Fewer consumers are carrying cash these days, noted Alantria Harris, senior director of product programs and retail for the Girl Scouts of Greater Atlanta. The cookies may be popular, but Girl Scouts can’t capitalize on that if passersby aren’t carrying a payment method they accept. Cash-only businesses present a couple of problems for the Scouts: There’s less money to be earned from today’s consumers, as well as an added security risk involved with carrying that much cash.
“At a booth sale, a troop sells about 400 boxes of cookies,” Harris said. “They’re likely walking away with about $1,600 in cash from that sale.”
During this year’s recently ended cookie season, the Girl Scouts of Greater Atlanta tackled these challenges by piloting an mPOS solution with nearly 400 troops, enabling them to accept cards and mobile wallets such as Apple Pay, Google Pay and Samsung Pay via an app or portable card reader.
The Sugar Sales Rush
The Girl Scouts of Greater Atlanta is currently tallying up its 2019 sales, but last year it mobilized 22,840 Scouts and sold more than four million boxes of cookies at 6,173 booths. It already looks like this year’s totals could be significantly higher. Scouts using the mPOS sold almost 30 more boxes than they did last year, Harris said, marking a 4 percent increase over 2018’s numbers.
Many Scouts used the mPOS at booths, but some also carried the devices as they went door-to-door, delivering pre-ordered cookies and collecting payments. Funds paid via the mPOS were deposited directly into troops’ bank accounts.
The handheld solution allowed the organization to monitor sales, but didn’t track as many details on inventory – a feature Harris expects will be available next year. That capability will be an asset, she added, as it will provide insights into how many of each type of cookie should be stocked at a booth.
“[That will be] very important to have,” Harris explained. “It helps us with planning sales forecasting … [including having] awareness of where sales are coming from and how much the sale is.”
Future Entrepreneurs
Children who participate in Girl Scouts learn life and leadership skills, and receive an education in science, technology, engineering and math (STEM) and business. The organization states that the cookie program plays a significant role in fostering entrepreneurship among members, and, according to Harris, the mPOS solution helps them keep up with new tools in an increasingly tech-reliant world.
“As we use more and more technology for everything, we definitely have to make sure that our girls are learning what is adopted and accepted now,” she said. “It’s important [to] build those 21st-century skills … in terms of learning technology.”
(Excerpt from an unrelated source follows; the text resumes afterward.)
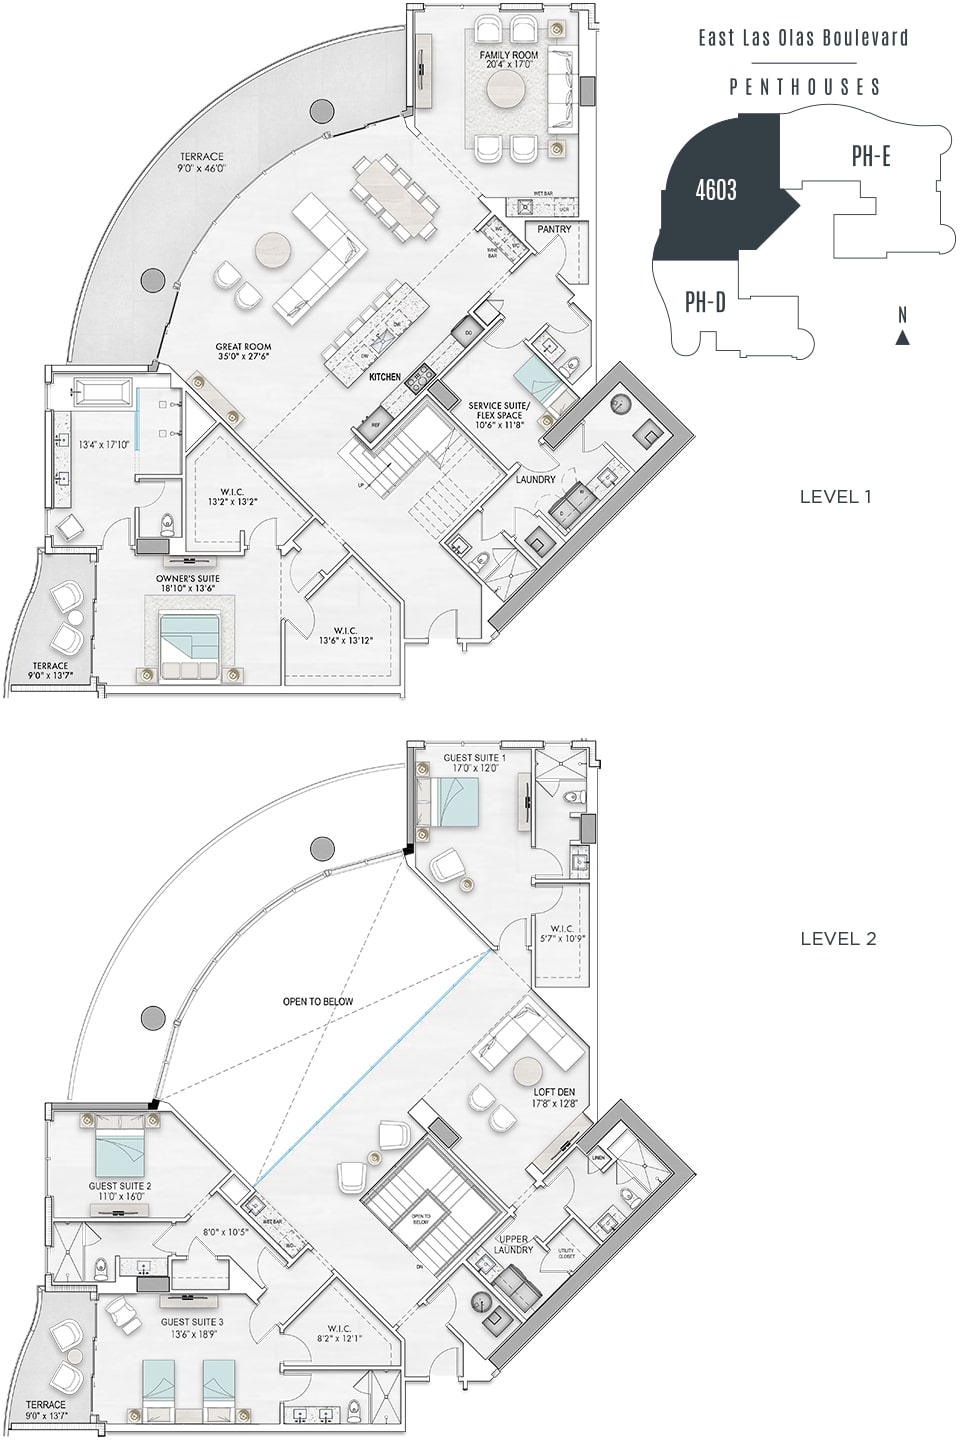 Floorplan of Penthouse 4603

Preparing the Greater Atlanta chapter for mPOS adoption didn’t require much adjustment to practices and procedures, but troops and scouts were trained in how to use the devices, set up accounts and foster trust by processing the cards in full view of the customers.
With the mPOS pilot producing strong results, the Girl Scouts of Greater Atlanta plans to bring the solution to all of its troops next year, Harris said.
The world is becoming increasingly digital, and even youth organizations need to heed shifting payments trends. Next year, when customers in Greater Atlanta purchase their favorite cookies, they’ll notice that the way they’re paying has become a little more modern, too.